Suppose you have a 19x19 grid; two anchor boxes, one wide and low, one tall and skinny; and a person right in the center of a training image. The grid cell index would be (8,8) - center cell of a 19x19 grid. The anchor box index would be 1, since the IOU of the person object ground truth bounding box can be assumed higher with the tall and skinny anchor box than for the wide and low anchor box. This example therefore would have a 19x19x2 grid of vectors that was zero everywhere except at (8,8,1). At that location the ground truth vector would be filled out with a 1 for object present, the correct center indices, the correct object shape values, and the correct class index (note it need not be 1 since there will likely be far fewer anchor boxes than class types and no reason to assume the indices synch).

Training now proceeds as expected, with backprop driving predicted values \hat{y} towards the ground truth values y , meaning towards zero everywhere but at the (8,8,1) detector.

Note that if the car and person are both in the center of the image, then both the (8,8,0) and the (8,8,1) locations would have non-zero y and \hat{y}

Prediction
As implied above, during forward prop every detector produces an output vector based on its training. For the example image discussed, if training has gone well, all but two detectors will predict either no object or at least one with low confidence that thresholds out. You end up with two object detections, one for the car, and one for the person. Note that we will assume that these have low IOU, even though their centers are colocated, because their shapes are distinct. Thus they will both survive non-max-suppression.

Anchor box shape and predicted bounding box shape
Anchor box shapes also play a significant role in the generation of the shape predictions. The values the YOLO CNN is trained to produce are not actually the object shape in and of themselves. Rather, they are scaling factors that are multiplied with the anchor box shape to produce a shape prediction. The relationship between the network outputs, lets call them t_w and t_h, and the predicted bounding box shape, b_w and b_h is:

b_w = p_w * e^{(t_w)}
b_h = p_h * e^{(t_h)}

Where p_w and p_h are the anchor box, or prior, shape. If the ground truth shape is exactly the same as an anchor box shape, the network should be predicting 0 values for t_w and t_h.
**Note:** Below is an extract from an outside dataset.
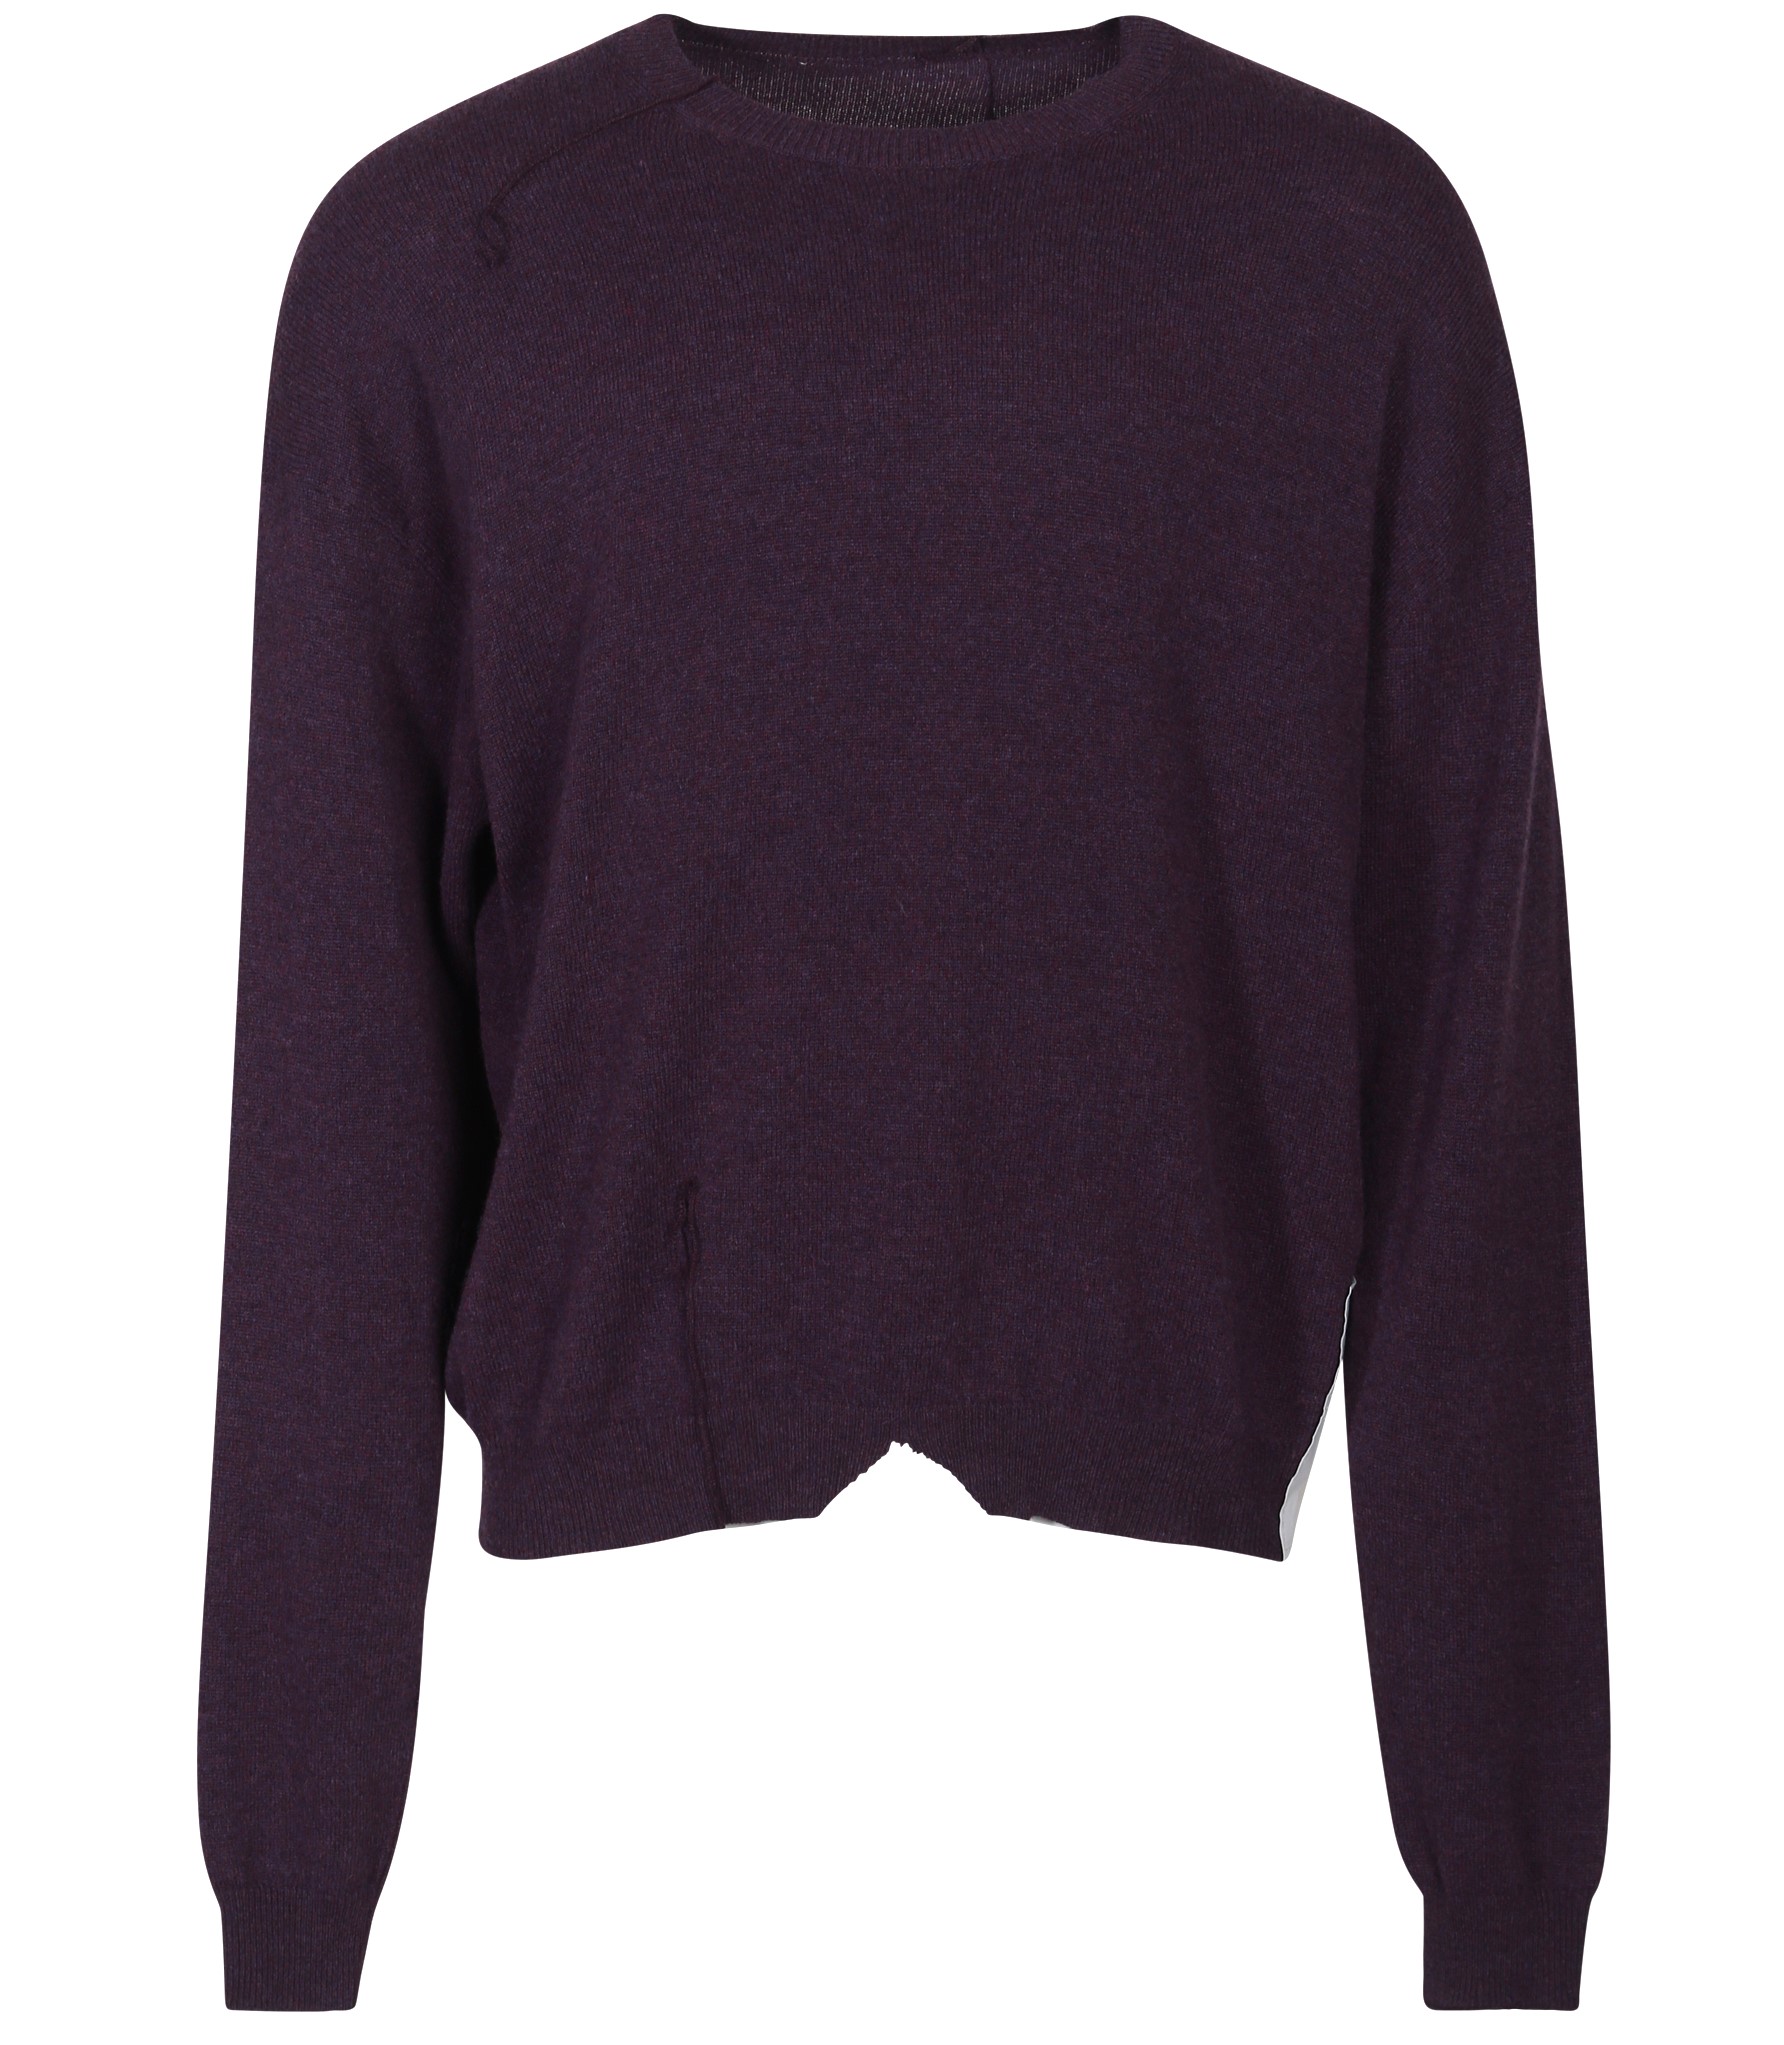 RAMAEL Infinity Cashmere Sweater in Aubergine XS

Notice that these expressions facilitate bounding box predictions even much larger than the grid cell size, regardless of the anchor box shapes, a related question many people ask.

Hope this helps

Hi @ai_curious, thanks for the response.

I think I mean v2 (I believe this is the one that AN references in the lectures).

I understand now that we assign anchor boxes to each object in our ground truth, based on best IOU with the actual bounding box for that object.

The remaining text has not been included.